▸ RAW DATA
== Segment start ==

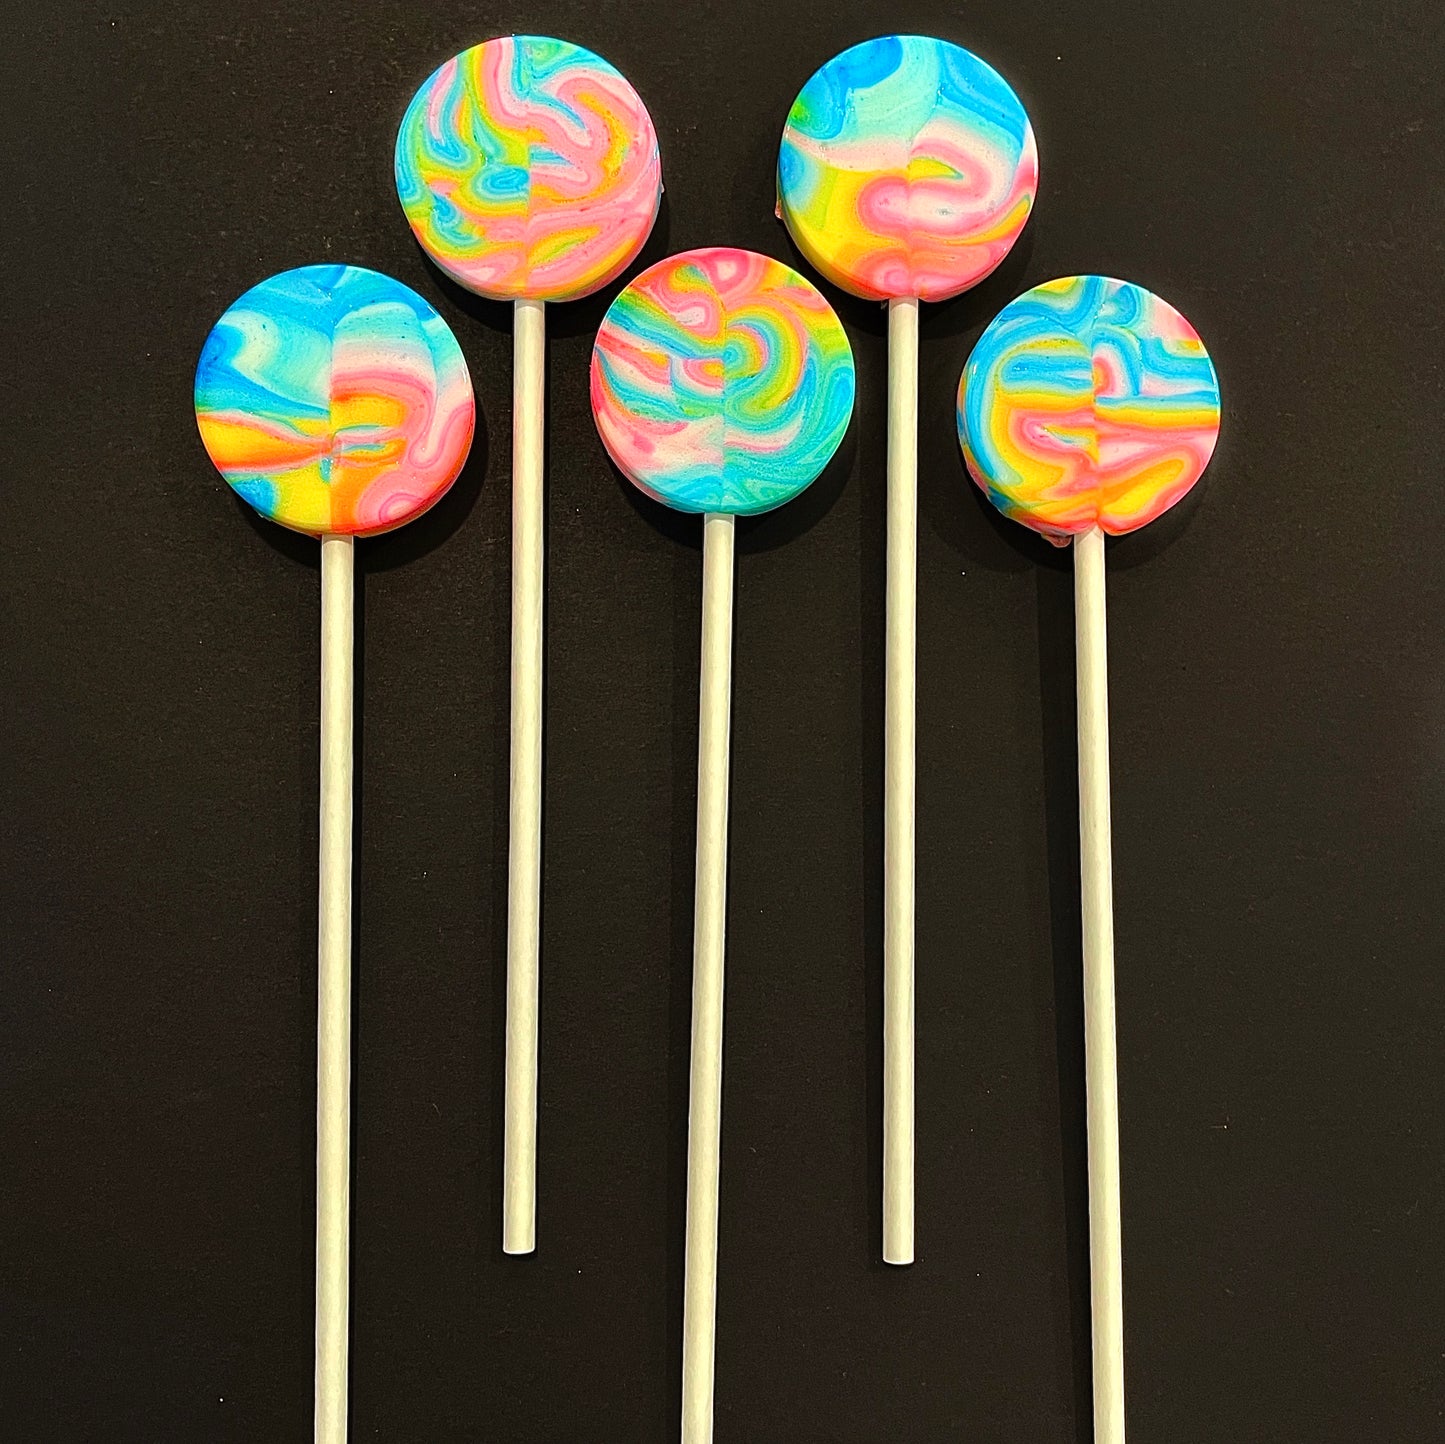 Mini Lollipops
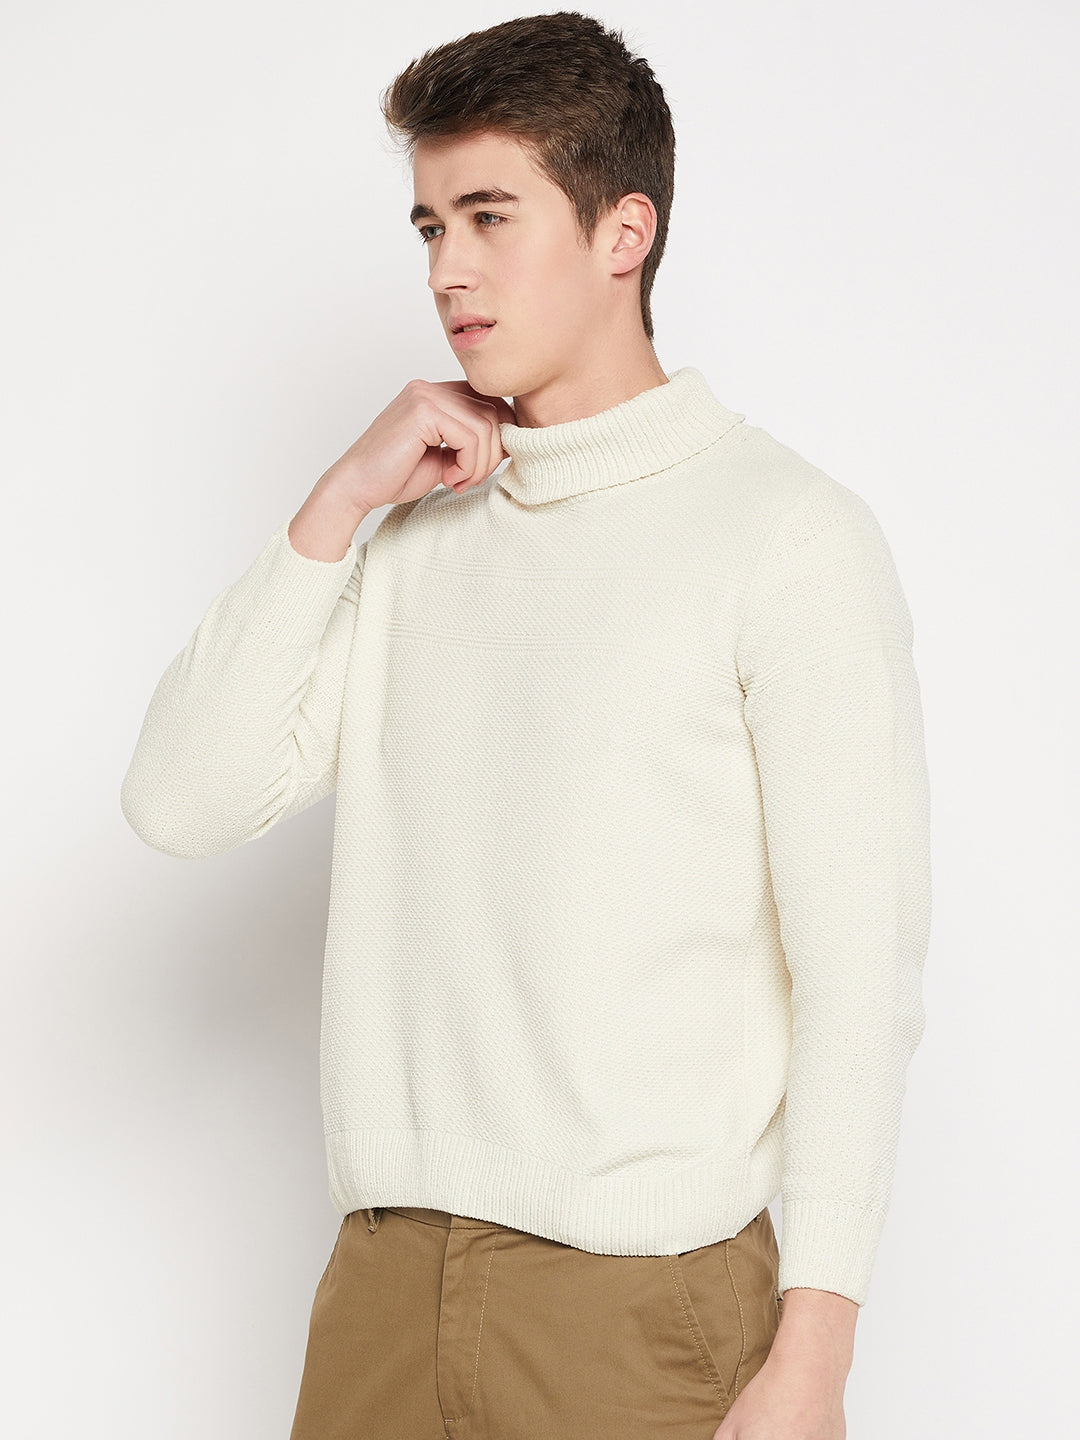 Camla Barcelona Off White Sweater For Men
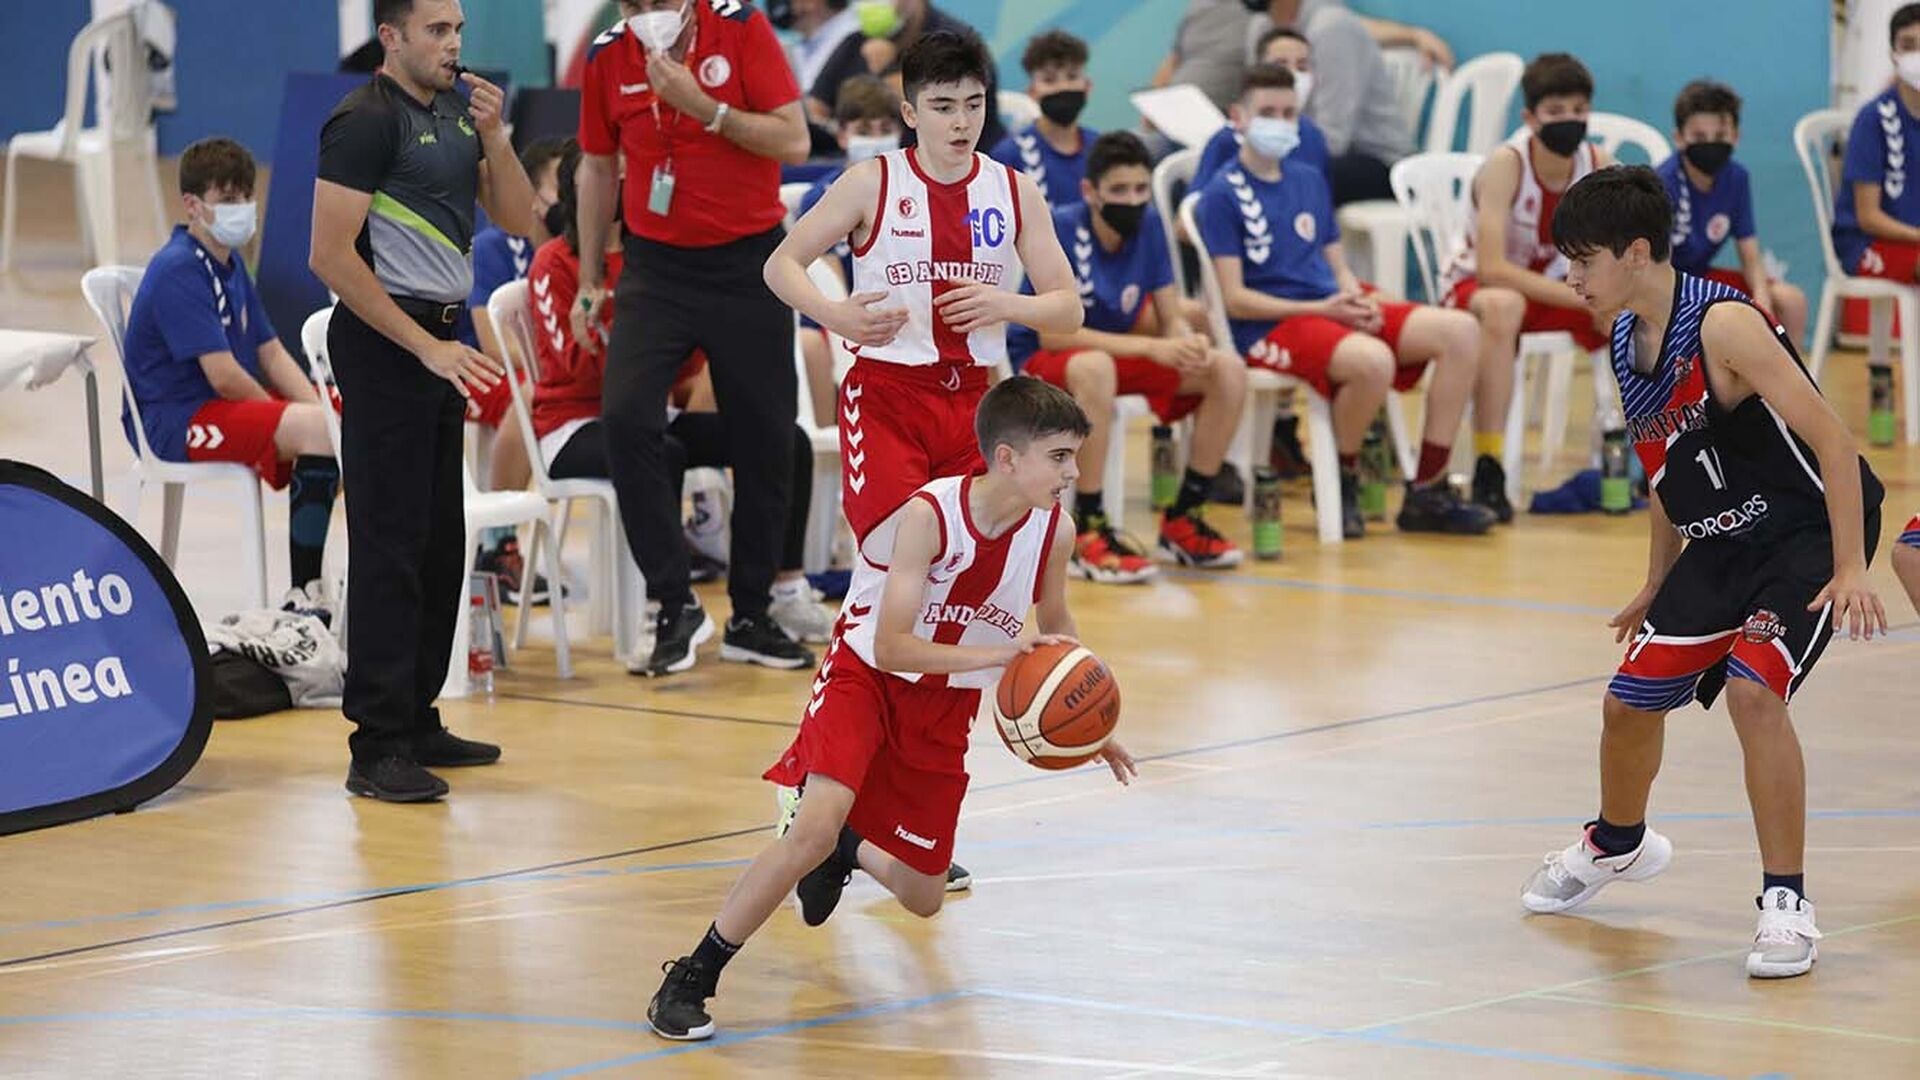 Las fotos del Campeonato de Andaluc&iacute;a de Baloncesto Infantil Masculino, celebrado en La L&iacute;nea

== Segment end ==

▸ WHAT NEEDS TO BE DONE
Output nothing but the lines from the one containing "Camla Barcelona Off White Sweater For Men" to the end of the listing, both ends included, reproduced exactly. Pictures stay out.

▸ SOLUTION
 Camla Barcelona Off White Sweater For Men
 Las fotos del Campeonato de Andaluc&iacute;a de Baloncesto Infantil Masculino, celebrado en La L&iacute;nea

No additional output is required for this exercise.